## EXERCISE
Reproduce the following data exactly, minus any images.

## DATA EXTRACT
============================================================
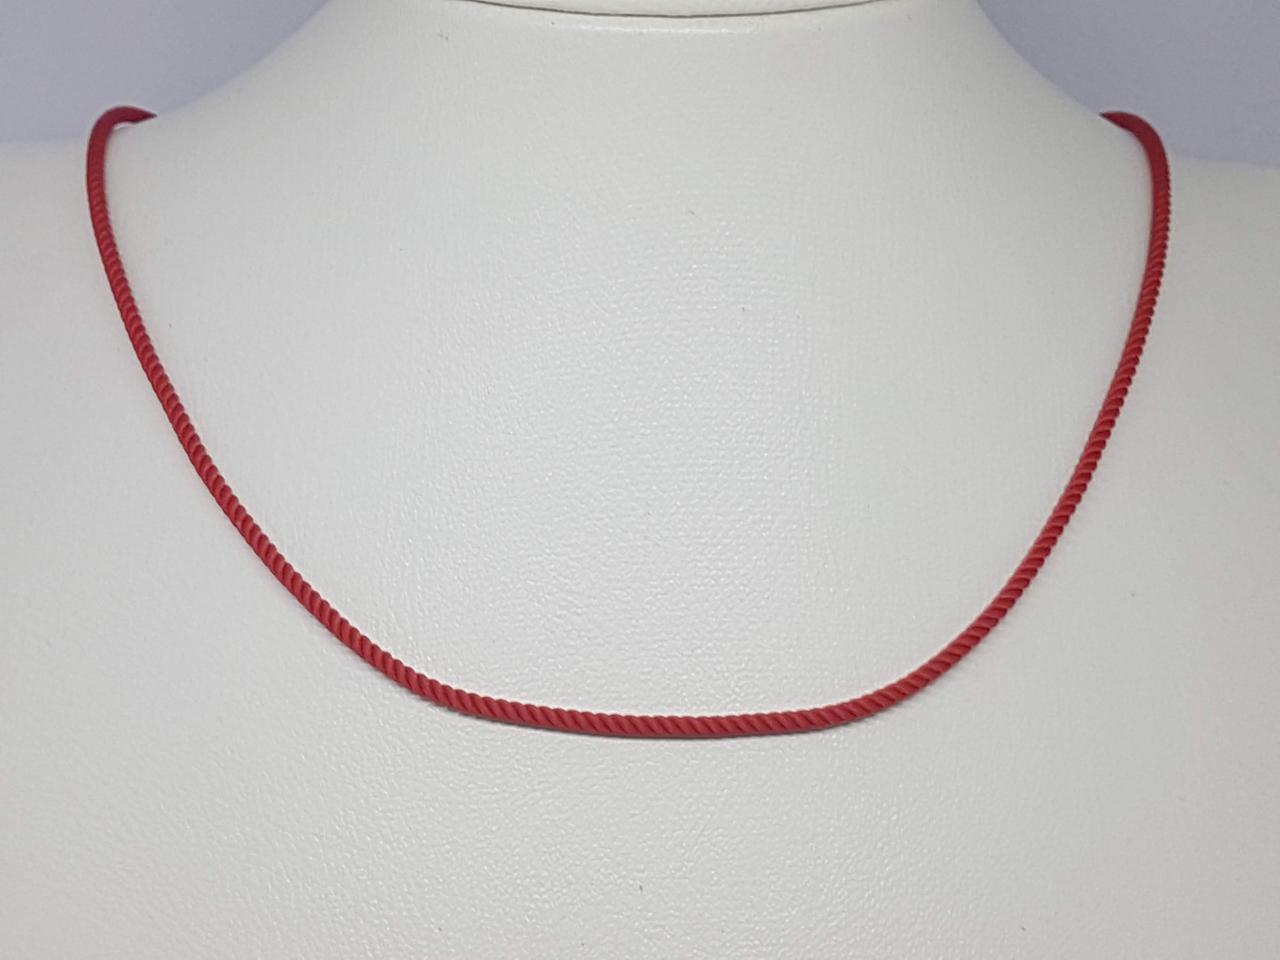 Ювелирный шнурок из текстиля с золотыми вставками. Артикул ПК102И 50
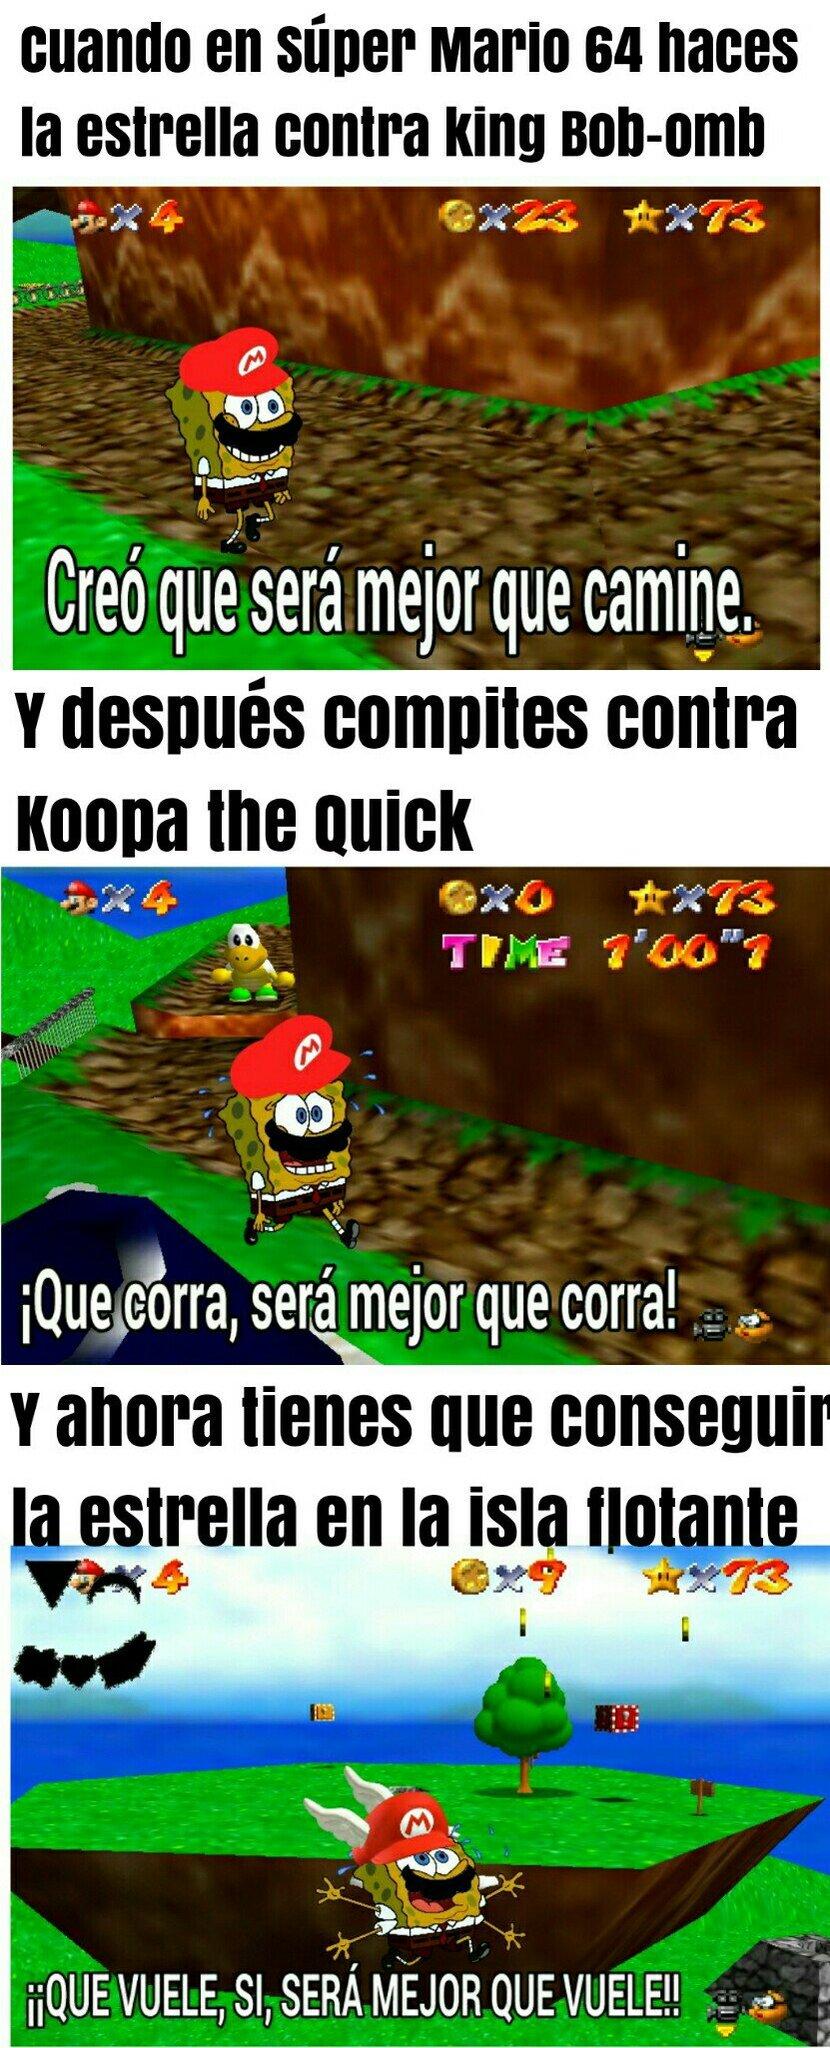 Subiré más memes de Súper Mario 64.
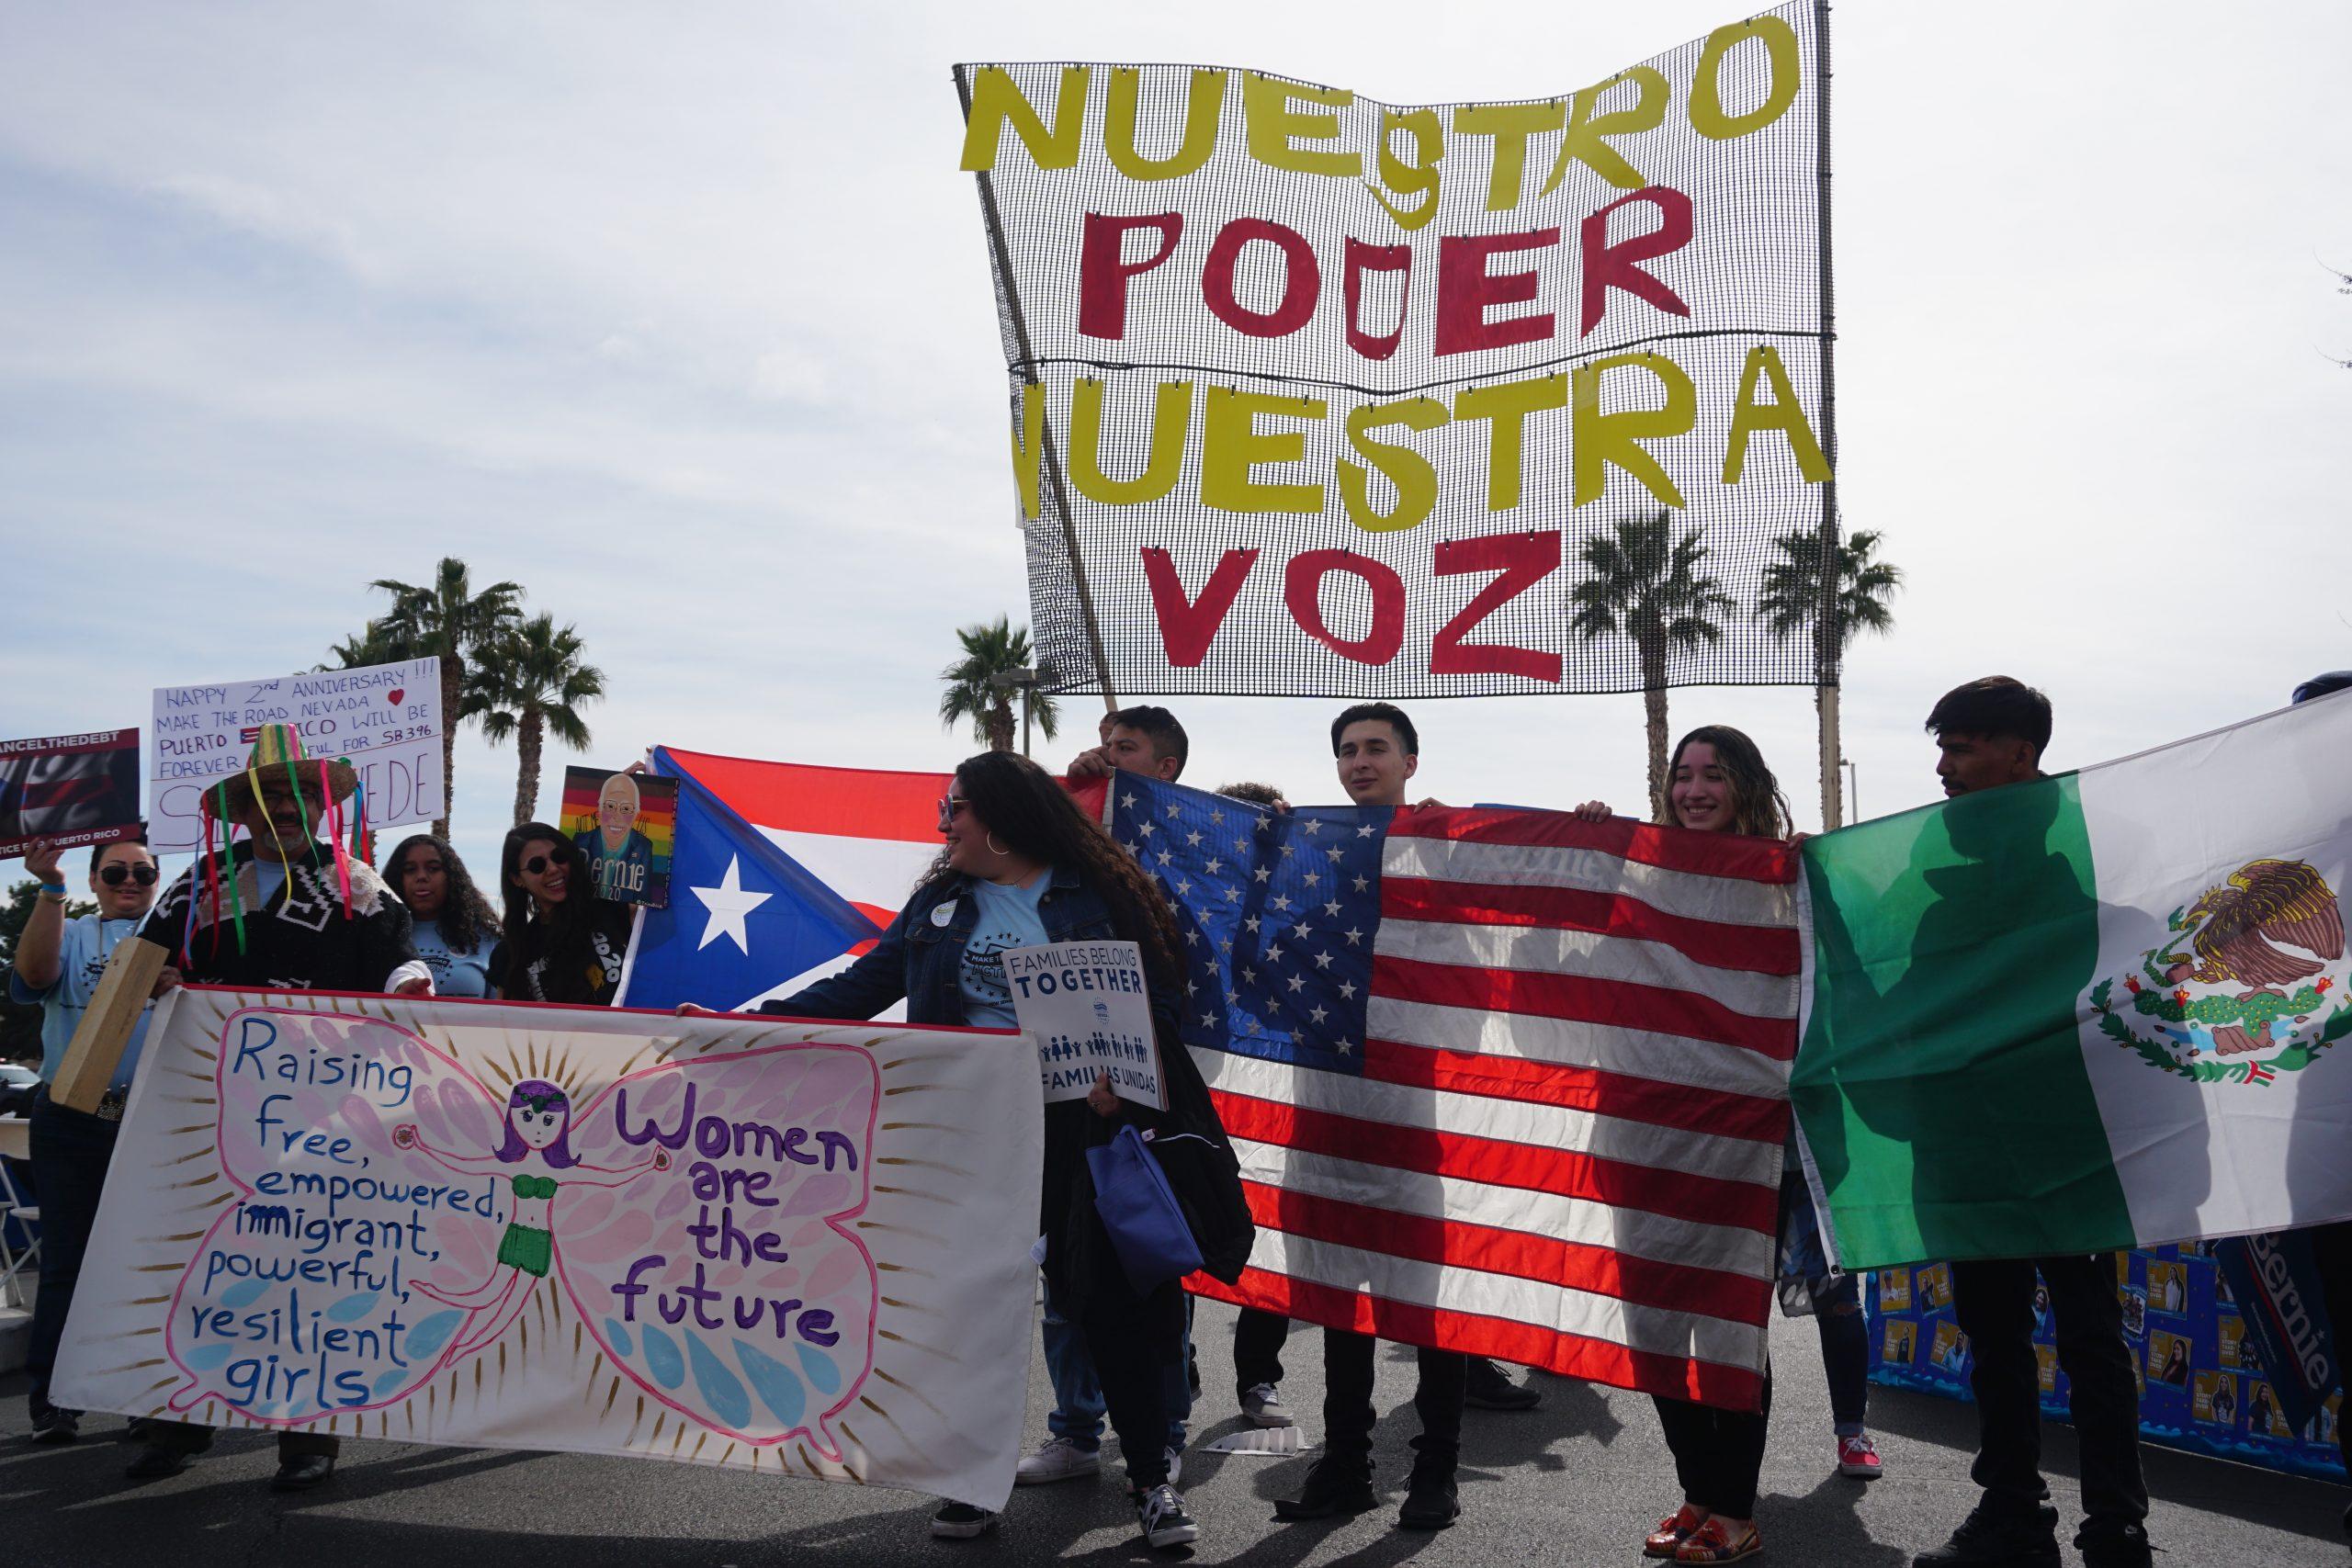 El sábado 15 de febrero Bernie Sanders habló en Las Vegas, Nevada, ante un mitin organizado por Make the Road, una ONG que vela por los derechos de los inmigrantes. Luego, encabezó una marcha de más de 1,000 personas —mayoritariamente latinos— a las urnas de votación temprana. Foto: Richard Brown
============================================================
## RESULT
 Ювелирный шнурок из текстиля с золотыми вставками. Артикул ПК102И 50
 Subiré más memes de Súper Mario 64.
 El sábado 15 de febrero Bernie Sanders habló en Las Vegas, Nevada, ante un mitin organizado por Make the Road, una ONG que vela por los derechos de los inmigrantes. Luego, encabezó una marcha de más de 1,000 personas —mayoritariamente latinos— a las urnas de votación temprana. Foto: Richard Brown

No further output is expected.